Fantastic Fest 2011: SMUGGLER is a Fine Film Ruined

Editor, Festivals; Los Angeles, California (@RylandAldrich)
Fantastic Fest 2011: SMUGGLER is a Fine Film Ruined

Katsuhito Ishii has enjoyed a very positive reputation as director of interesting and whimsical films like The Taste of Tea and Funky Forest. His latest Smuggler is a pulpy crime drama that at first glance promises to fuse Ishii's comedic magic into a solid yakuza storyline. This seems to be working with fine effect until Ishii takes a horrendous wrong turn three-quarters into the film and subjects the audience to a showing of torture pornography so brutal as to completely ruin the film and leave at least this reviewer questioning cinema's merits when it contributes garbage like this.

Smuggler is the story of a loser drop out named Kinuta (Satoshi Tsumabuki) who is conned into a big debt by only his lazy stupidity and is forced to take a job helping dispose of mob killed corpses. Kinuta's story limps along as he forms a relationship with his boss and tries to learn to be less of a pussy.

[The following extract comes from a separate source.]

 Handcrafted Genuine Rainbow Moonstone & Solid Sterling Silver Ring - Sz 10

The boy's failed dream of becoming an actor plays a big part of his story as he assumes little roles here and there to keep the crew out of trouble.

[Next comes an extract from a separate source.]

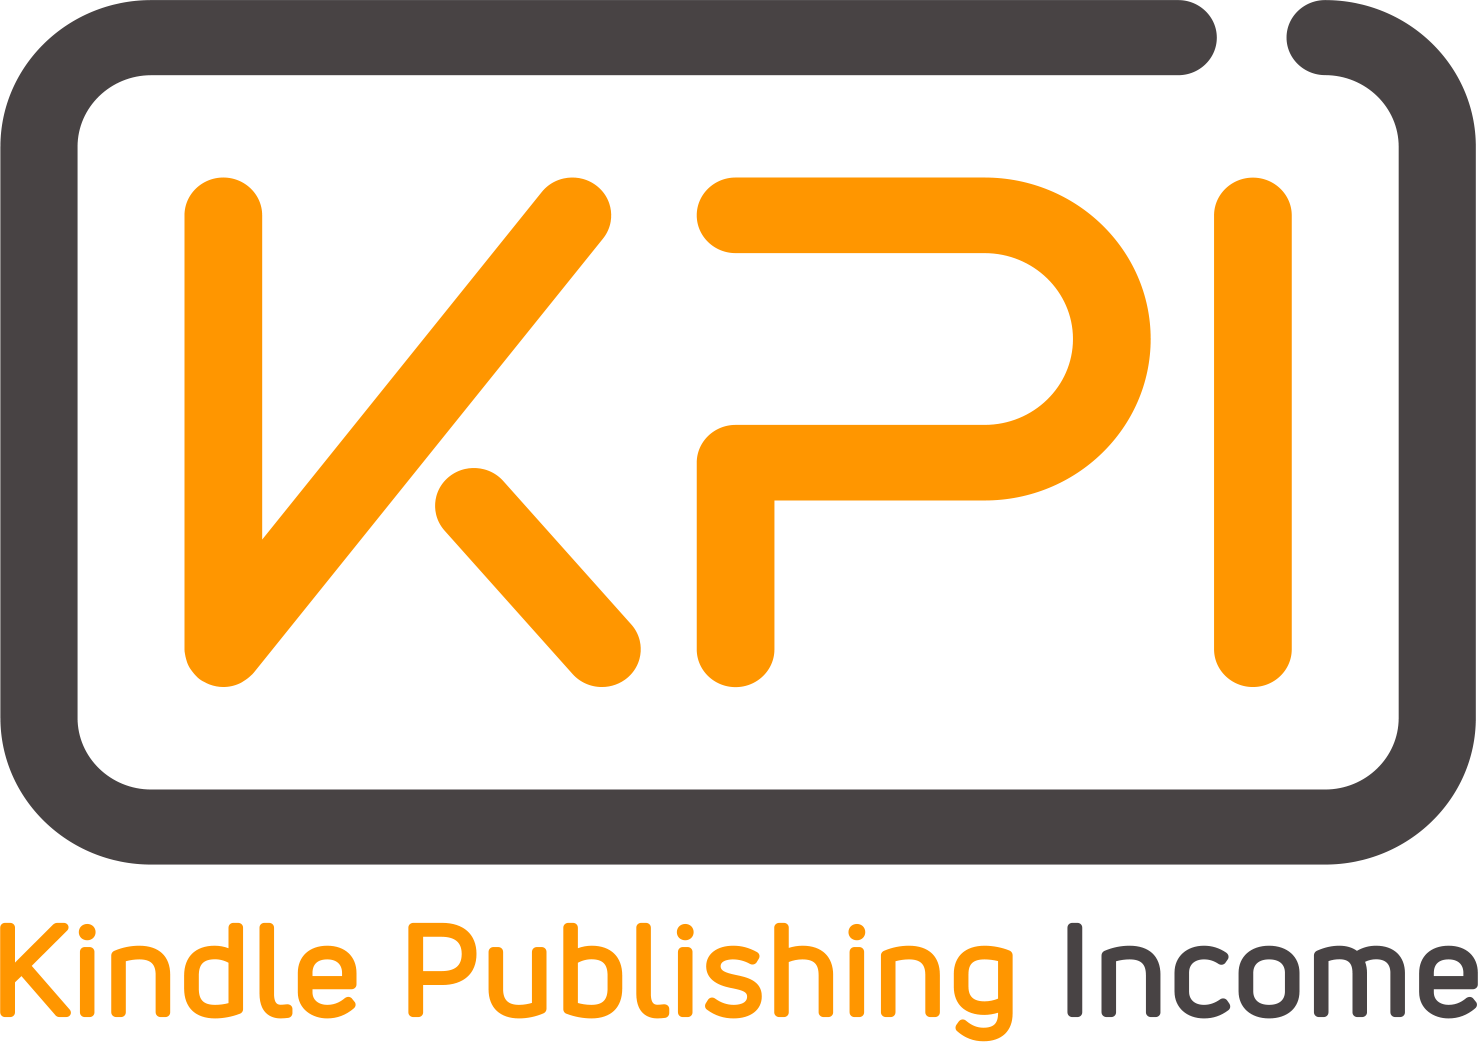 Kindle Publishing Income by Sophie Howard

The more interesting story taking place throughout is that of assassin partners Vertebrae (Masanobu Ando) and Viscera (Ryushin Tei) who are usually involved in the dirty work that Kinuta is cleaning up. These two have a great onscreen chemistry that reminds quickly of Jules Winnfield and Vincent Vega in Pulp Fiction. Like that pair, Vertebrae & Viscera's conversations dip liberally into existentialism and provide the film's best dialog. They are also complete bad asses and when they aren't waxing poetic, they're mopping the floor with whatever dumb criminals think they can take a shot at the pair. Without a doubt these fight sequences are when Smuggler is at its best.

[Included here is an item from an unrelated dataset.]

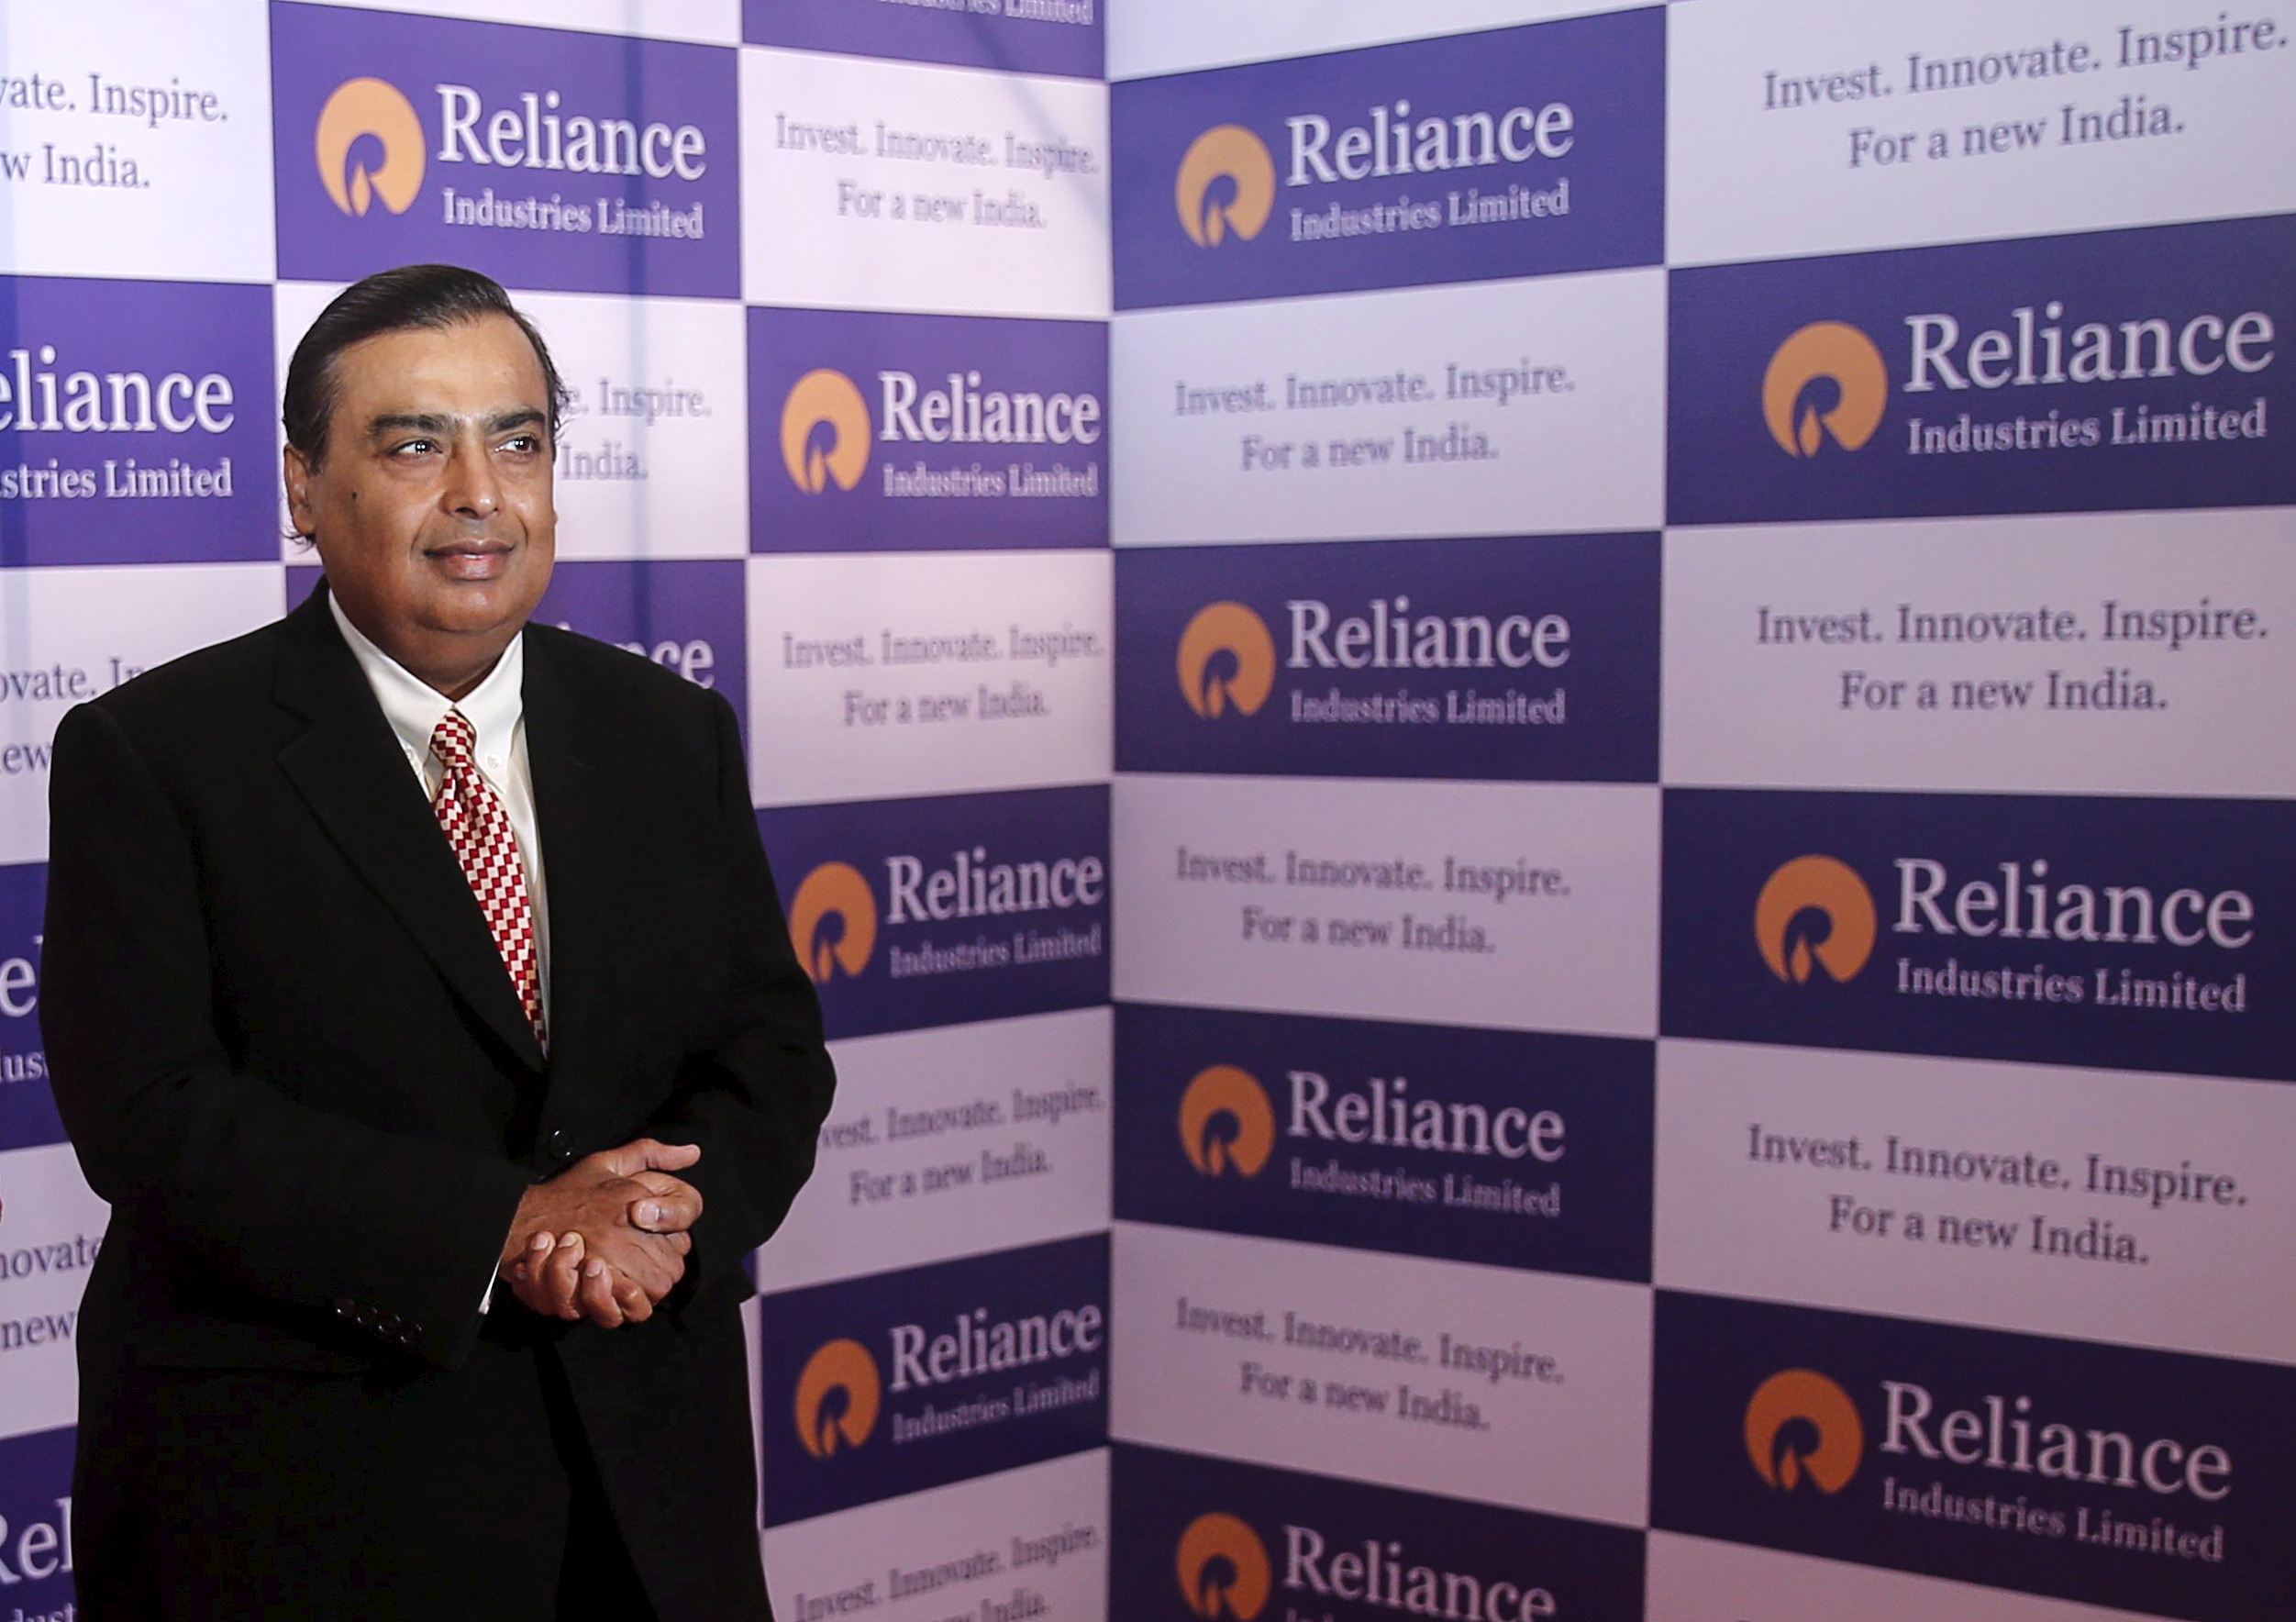 Mukesh Ambani, chairman of Reliance Industries Limited, poses for photographers before addressing the annual shareholders meeting in Mumbai

Note: The rest of this review contains analysis that some might consider to include spoilers.

Then it all goes horribly wrong. After a series of events leads to the smugglers transporting a captured Vertebrae, the killer escapes and Kinuta is told by his mentor to play the greatest role of his acting career and impersonate Vertebrae. What happens to Kinuta as he is "playing the role" is some of the most graphic and disgusting torture I've seen in a Japanese movie. Bones are broken, cheeks are sliced open, and red hot nails are shoved in between the poor kid's toes. It is awful and a complete stylistic break from the comic violence of the rest of the film.

Often when this sort torture is depicted in cinema it is with the aim to say something about the torturer. This is not the case in Smuggler. Here the torturer is a minor character that we immediately accept as a psychopath and move on. Ostensibly this scene is to speak to something in our protagonist Kinuta. If he is to follow through with his arc and find his confidence, then he needs to fully inhabit his role of Vertebrae to the point where he literally obtains his physical scars. I can understand the idea here, but the problem is that we as an audience have too much empathy for our protagonist and to experience that sort of extreme torture is too personally jarring when it can be explained away as easily as, "just don't let him torture you."

This sort of graphic pain inflicted on an empathetic audience just for the sake of extreme filmmaking is pitiful (see: Human Centipede 2 Review). I expected more from an innovative voice like Ishii. Unless this sort of torture porn is what you are looking for, stay far away.